Beast 1.843 was used for phylogenetic reconstruction with tip dates, with discrete trait models with asymmetric substitution models for geographic location; the sample size and genetic variation contained in the alignments was not sufficient to include host species as a trait. Jmodeltest (v.2.1)79,80 was used to determine suitable substitution models for each fragment based on the Bayesian Information Criterion (lp-fragment: TrN + G; vp3- and rdrp-fragments HKY + G) and substitution rates were partioned between the 1st & 2nd and 3rd codon positions. The evolutionary rate prior was set for each fragment according to Wilfert et al.26 (lp-fragment: normal prior with a mean of 0.91 × 10−3 (stdev = 0.24 × 10−3); vp3-fragment: normal prior with a mean of 1.85 × 10−3 (stdev = 0.35 × 10−3); rdrp-fragment: lognormal prior with a mean in real space of 1.28 × 10−3 (log(stdev) = 0.325)). Demographic and molecular clock rates were set according to model comparison via the path sampling maximum likelihood estimator; exponential growth was preferred for all fragments, with an exponential relaxed clock for the lp- and vp3-fragment and a lognormal relaxed clock for the rdrp-fragment. All models were checked for convergence in Tracer (v1.6) and run long enough to obtain effective sample sizes > 200 for all parameters, with a 10% burn-in, sampling the chain at equal distances to obtain a total of 10,000 trees per analysis. We produced Maximum Clade Credibility (MCC) trees (TreeAnnotator (v1.8.4)) to infer host ancestral state probabilities. Well supported rates for migration routes between geographic regions were identified using a Bayes factors analysis (SPREAD v1.0.681), with a Bayes Factor of 3 as a cut-off. Phylogenetic trees were also produced for each alignment using MrBayes 3.2.6.

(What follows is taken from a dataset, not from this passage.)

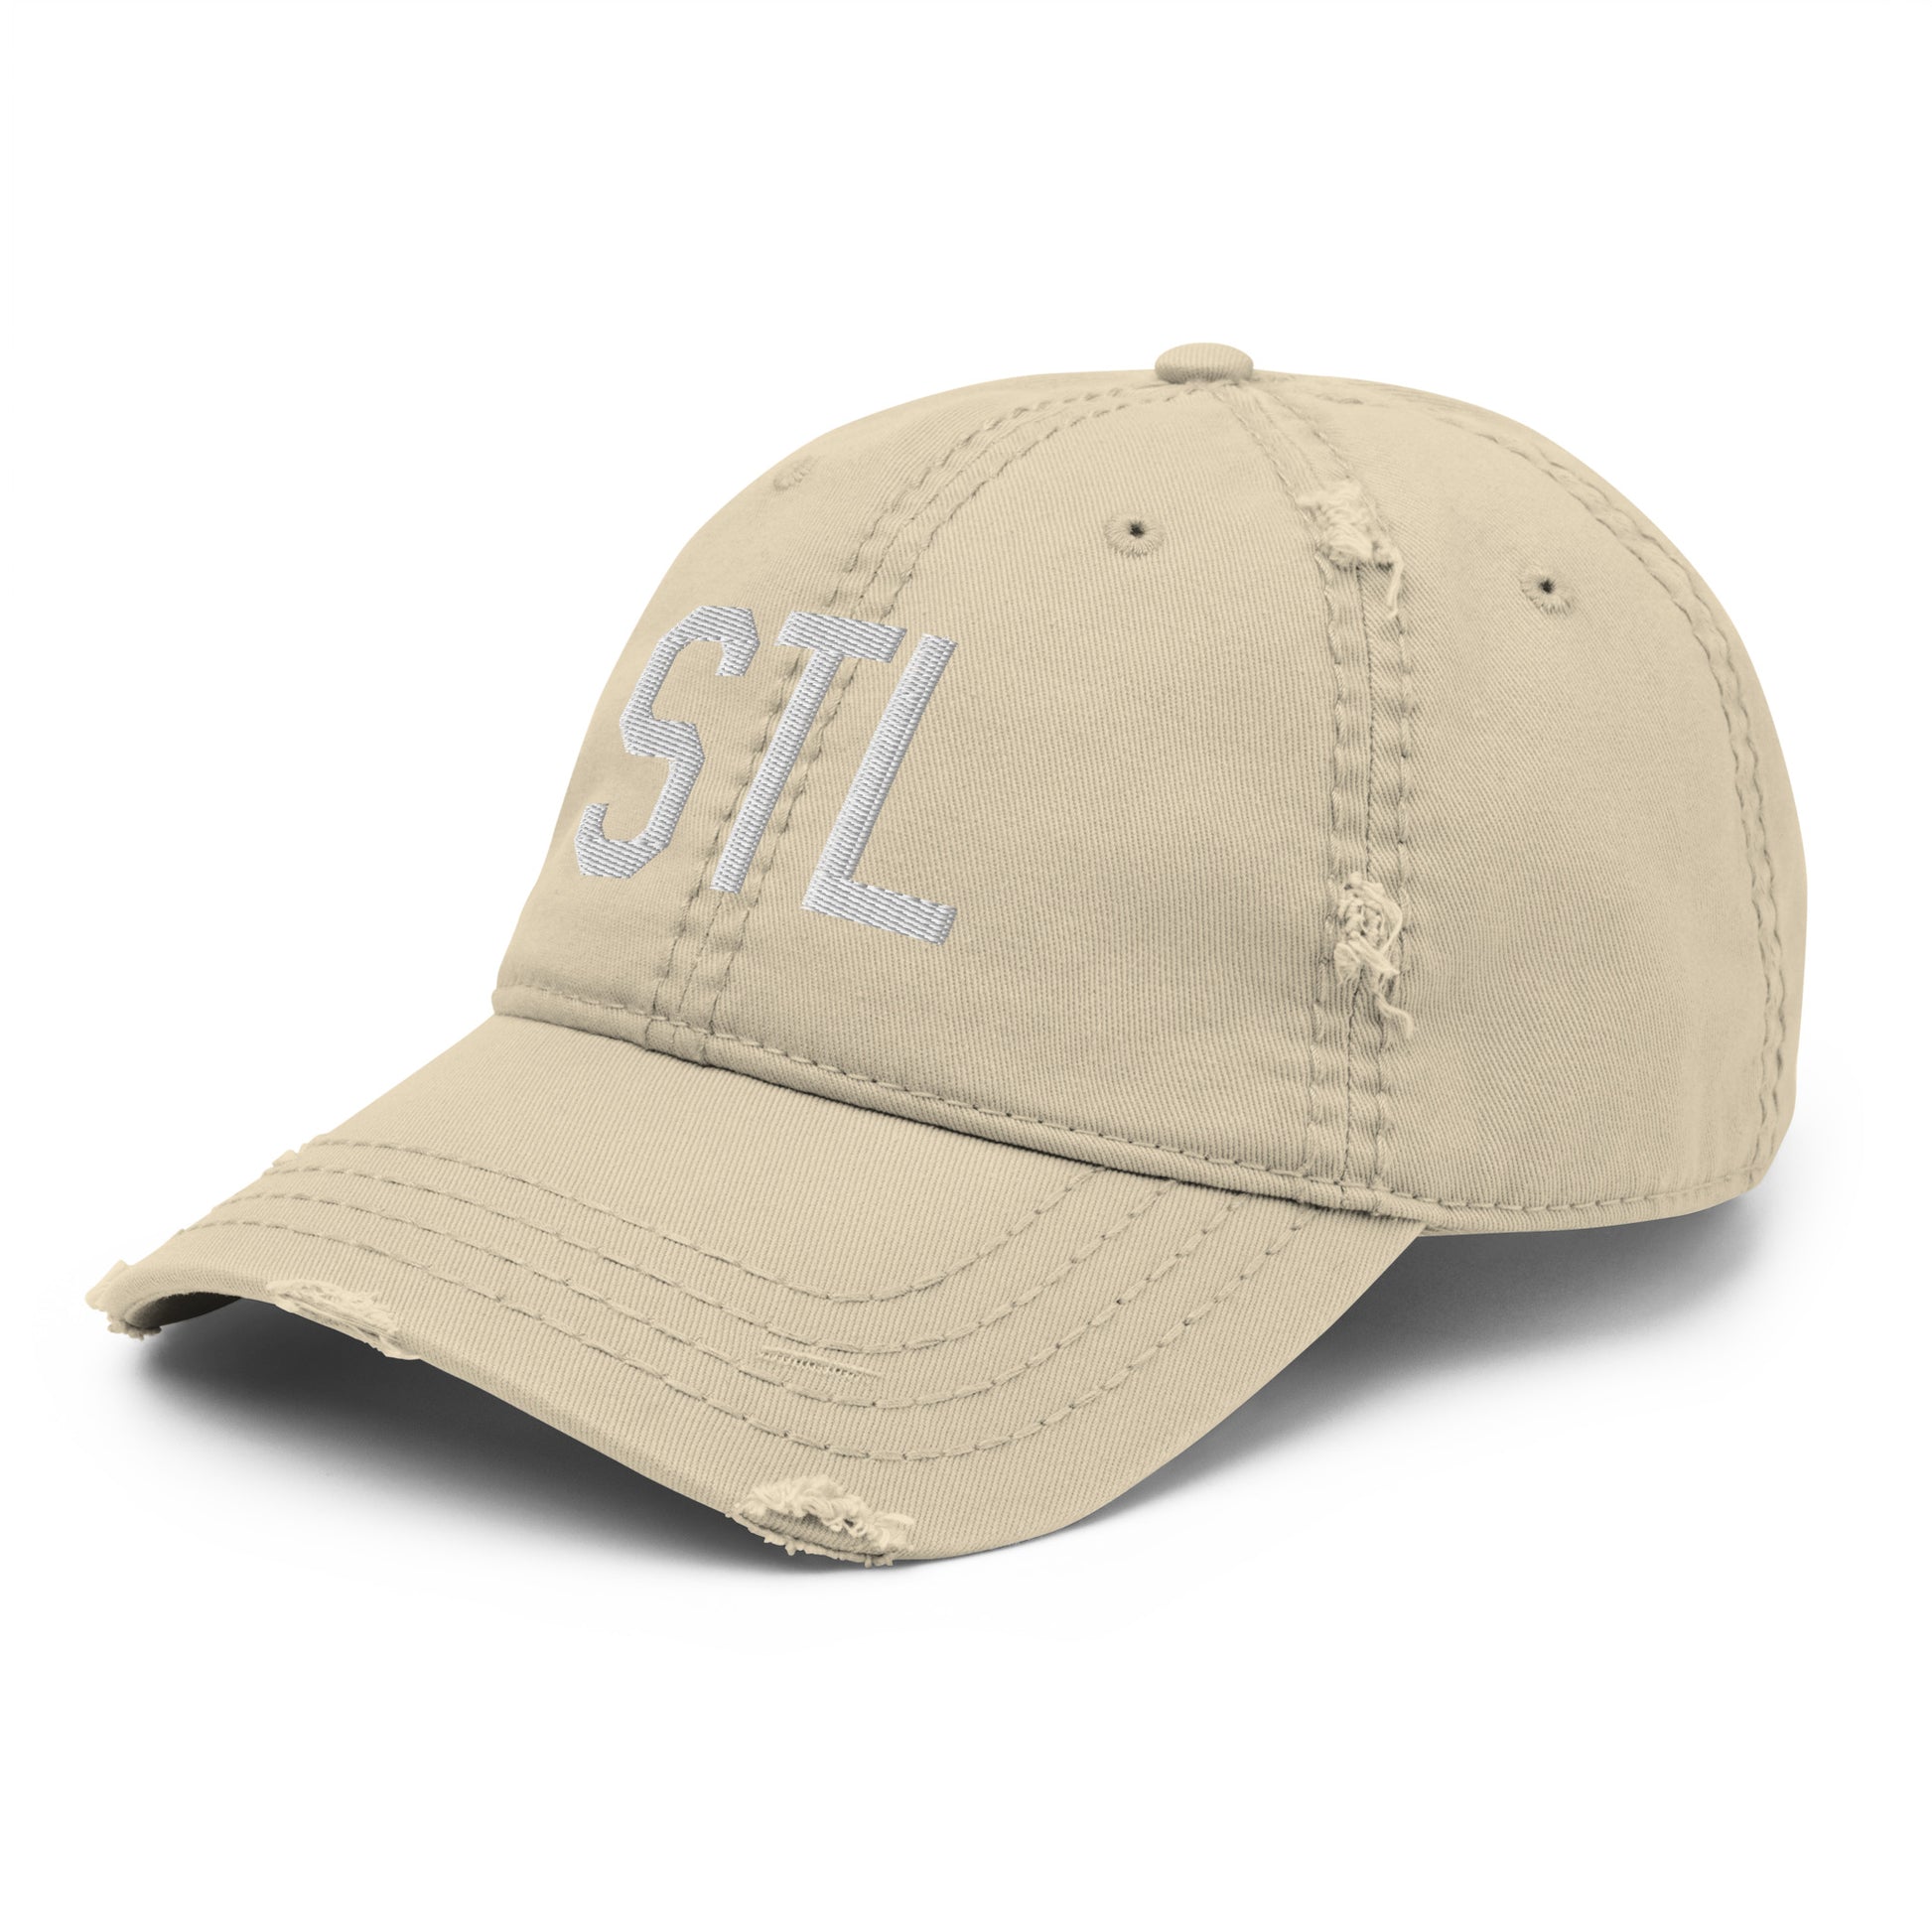 Airport Code Distressed Hat - White • STL St. Louis • YHM Designs - Image 19

Using DNASPv5.10.144 we calculated Tajima’s D to test for an excess of rare polymorphisms. Additionally, we calculated Kst, a measure of population differentiation based on the proportion of between-population nucleotide differences45 between China, East Asia (South Korea and Japan), Europe and America as well as the nucleotide diversity π. To test for isolation by distance between samples collected for this study in China, we calculated individual Euclidean genetic distances using the package adegenet82 in R; we used individual-based distances as many locations were represented by single sequences. We tested for isolation by distance via a Mantel test implemented following Legendre and Legendre83 in the R package vegan84 of the correlation between geographic distance and Euclidean genetic distance using 999 permutations.